Citogroup Global Markets was fined for disseminating inappropriate sales literature. More than 100 pieces of sales literature distributed between July 1, 2002 and June 30, 2003, cited a targeted rate of return without providing a sound basis for evaluating the target, improperly used hypothetical returns in charts or graphs, and/or failed to include adequate risk disclosure.


NASD Vice Chairman Mary L. Schapiro said: "As hedge funds and ‘funds of hedge funds’ are marketed more and more aggressively to individual investors, ensuring that those investors receive full and accurate information is critical.”


Schapiro added: "This enforcement action underscores our commitment to making certain that firms provide the investing public with a sound basis for evaluating hedge fund investments, and adequately disclose all of the risks."


Ninety-five of the pieces of sales literature contained targeted rates of return for particular funds but did not provide a sound basis for investors to evaluate the reasonableness of the stated target.


Among the objectionable statements:
* "The Portfolio seeks to earn an annualized return of 15% or more, net of all fees, over a three- to five-year investment horizon, while maintaining volatility below that of world equities."
* "…targets a 12-14% annual net return…"
* "The portfolio seeks to earn an annualized return of LIBOR + 500 basis points."


Twenty-eight of the sales pieces for recently started funds of hedge funds improperly presented hypothetical performance for these funds. This hypothetical performance showed results for the funds before they had begun operating, and therefore did not reflect the actual performance of the funds of hedge funds.


Instead, these hypothetical results were calculated by selecting a portfolio of individual advisors with whom the fund of hedge funds intended to or had recently begun to invest, and then combining the historic performance results of these selected advisors, using a hypothetical allocation of assets.


Because it reflected the selection of potential advisors and asset allocations made after the performance of those advisors was already known, the hypothetical performance invariably showed positive rates of return. Further, there was no guarantee that the particular fund of hedge funds being promoted would continue to invest with any or all of the selected advisors – or that allocation of assets to those advisors would be the same as that used in the hypothetical performance.


In addition, in some instances, the sales literature presented hypothetical performance results in a chart or graph in combination with the actual historical performance of the fund of hedge funds. Such presentations created the misimpression that the particular fund of hedge funds had a longer investment track record than it actually possessed.

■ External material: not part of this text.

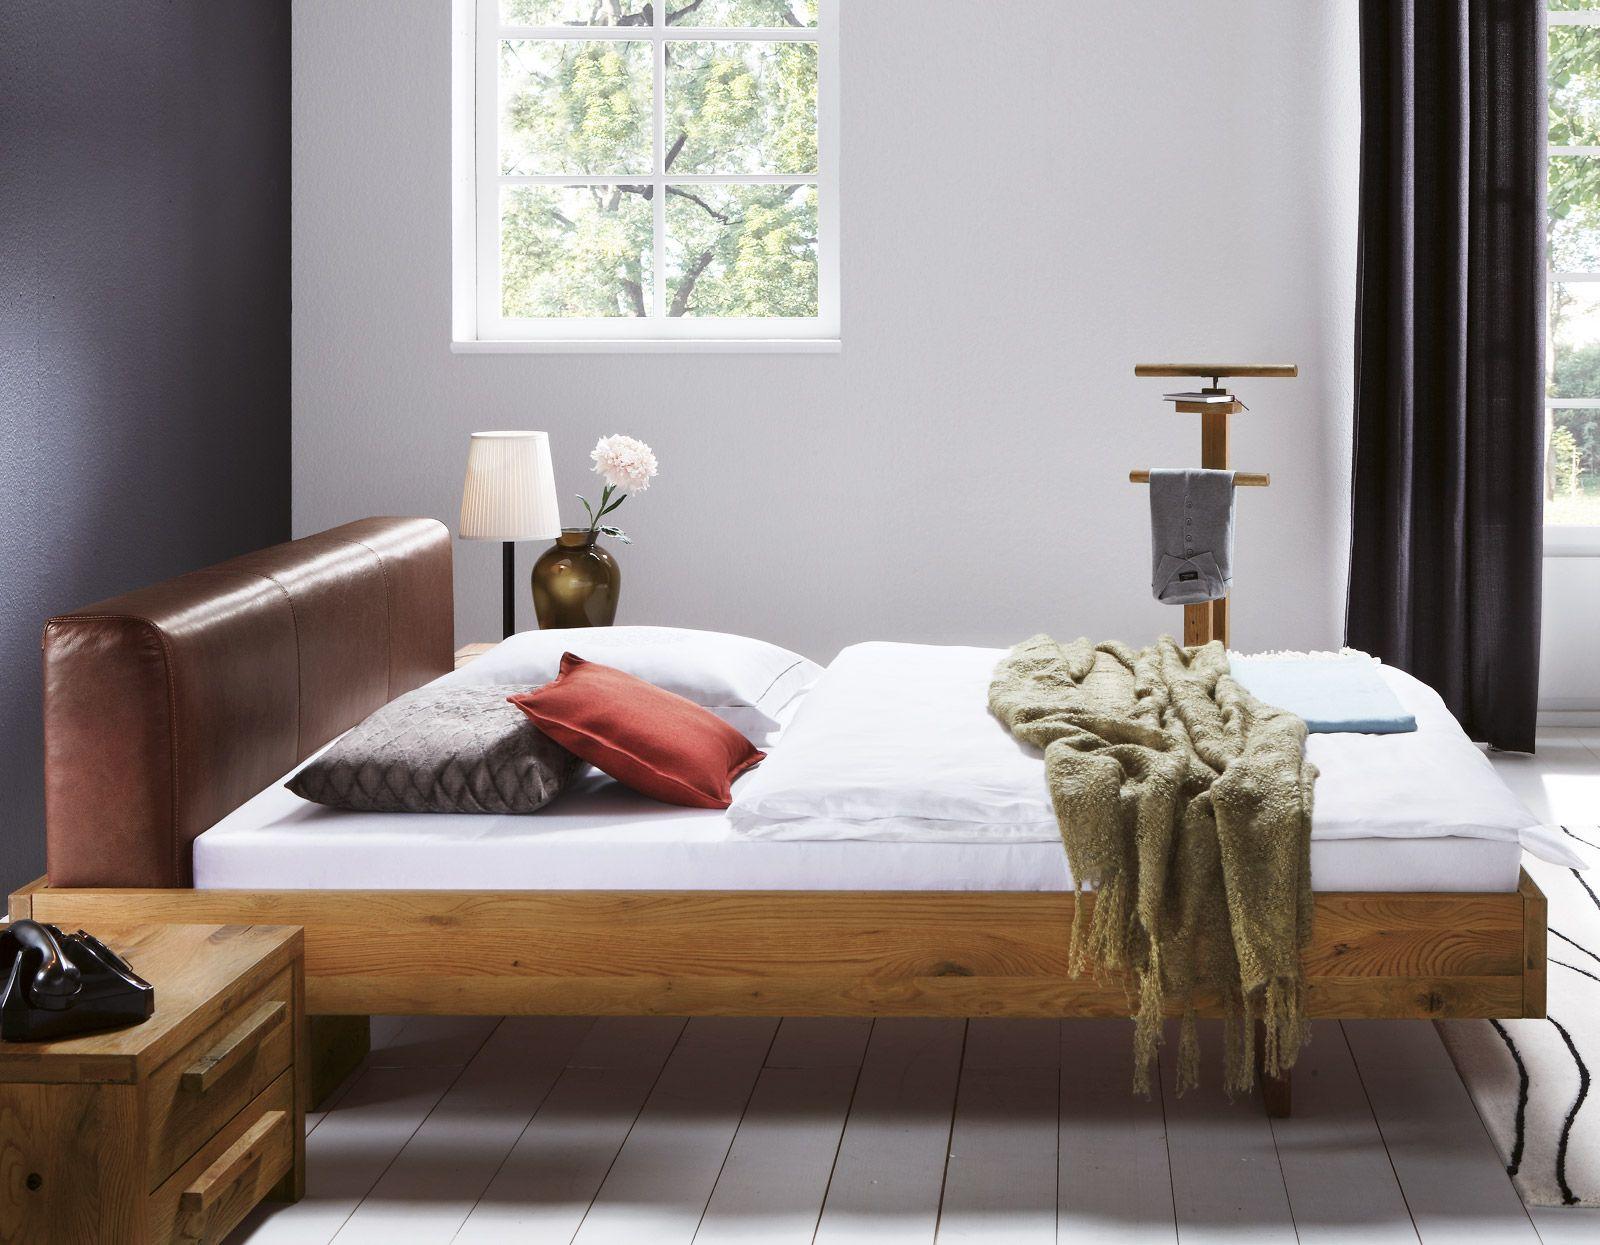 Holzbett rustikal hoch  Bett aus Wildeiche mit rustikalem Leder-Kopfteil | Betten ...

Forty-four pieces of sales literature failed to include adequate risk disclosure. Each of these pieces contained some risk disclosure, but not full and complete risk disclosure. Among the disclosures that were not included: that the funds are speculative and involve a high degree of risk; that an investor could lose all or a substantial amount of his or her investment; that there is no secondary market nor is one expected to develop for investments in the funds; that there may be restrictions on transferring fund investments; that the funds may be leveraged; that the funds’ performance may be volatile; that the funds have high fees and expenses that would reduce returns, and other specific risks as to the particular funds’ investments and strategies.


In settling this matter, Citigroup neither admitted nor denied the allegations, but consented to the entry of findings.

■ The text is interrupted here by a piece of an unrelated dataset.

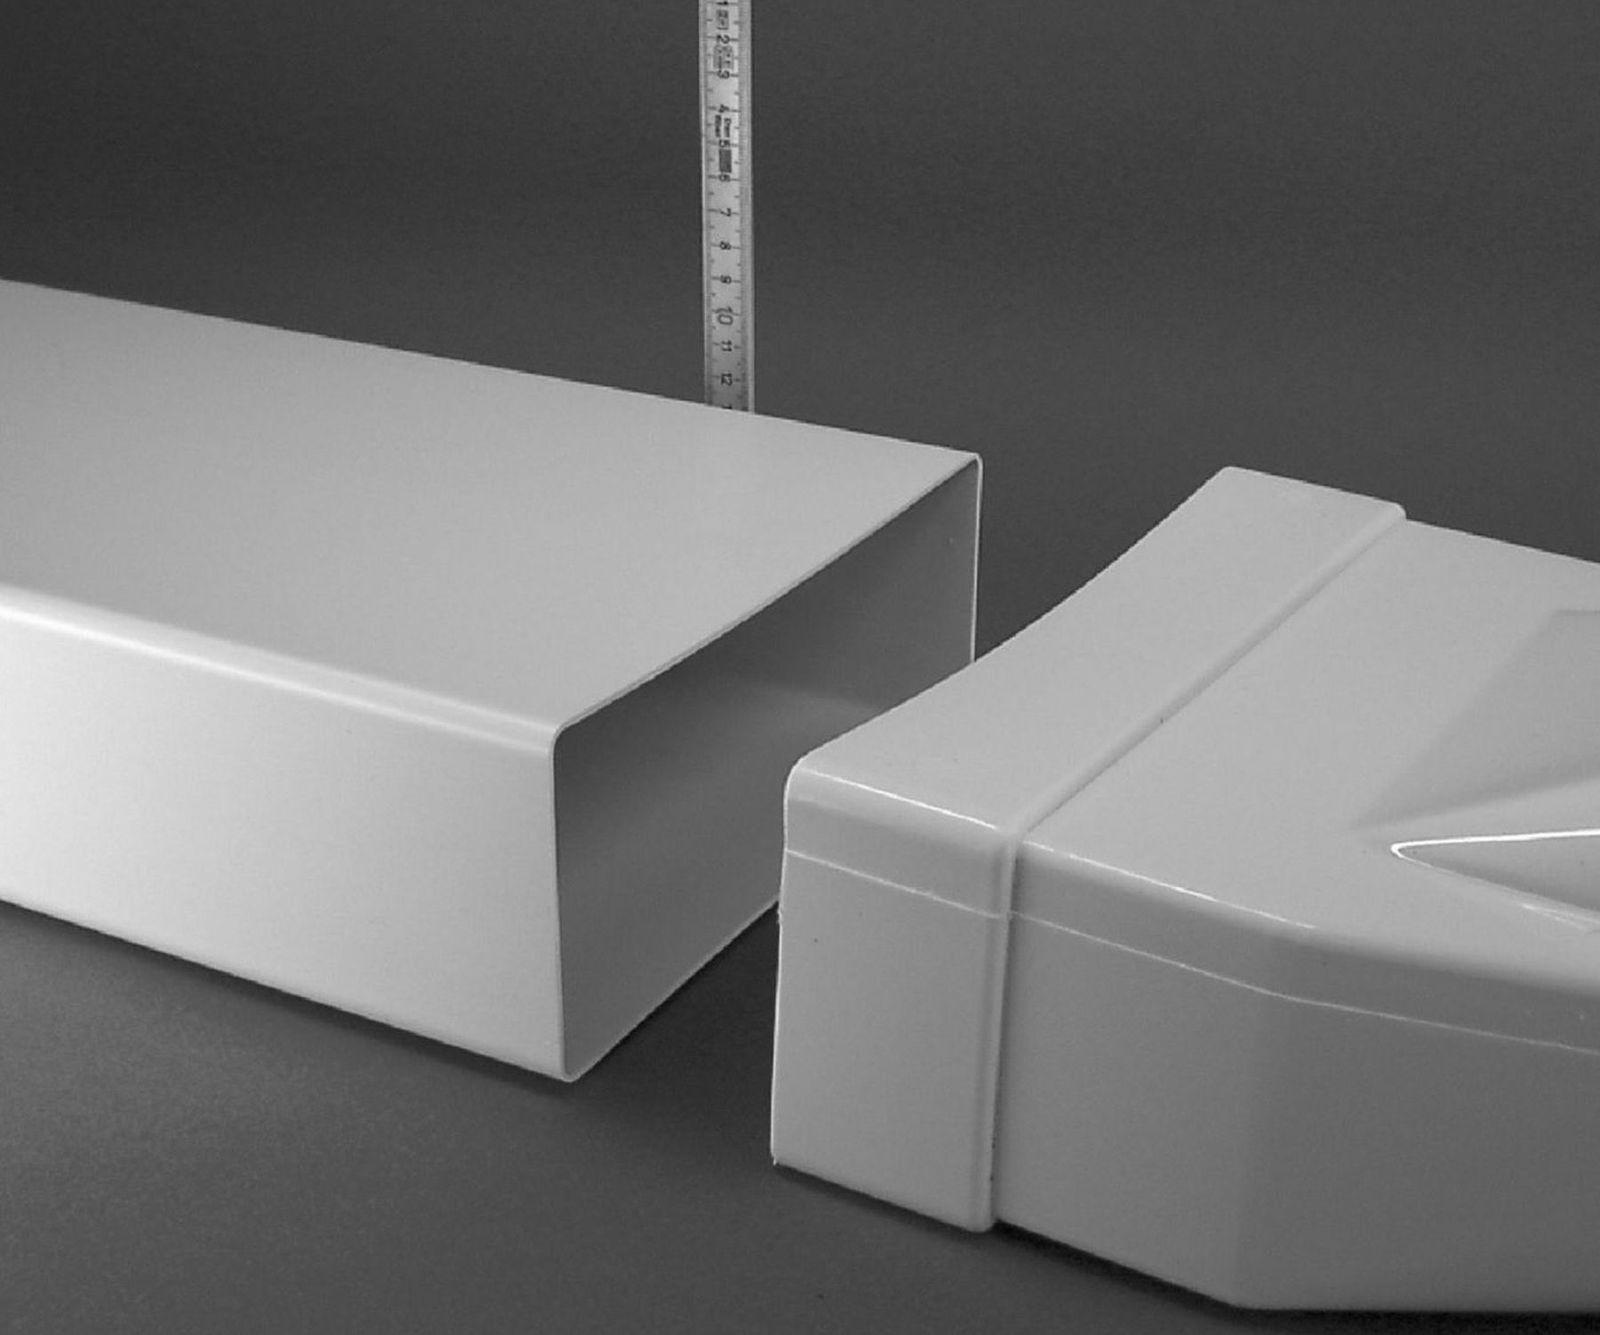 kche dunstabzug with kche dunstabzug perfect homgeek cfm. Black Bedroom Furniture Sets. Home Design Ideas

As a result of a review of brokers and firms selling hedge funds and registered products (closed-end funds) that invest in hedge funds, NASD has become concerned that some may not be fulfilling their sales practice obligations, especially when selling and marketing these instruments to retail customers.


NASD issued an Investor Alert in August 2002  and a Notice to Members in February 2003 advising firms of their suitability obligation to investors whenever recommending or selling hedge funds – click here to download it


In addition, NASD has brought several enforcement actions against firms relating to their marketing and sales of hedge funds.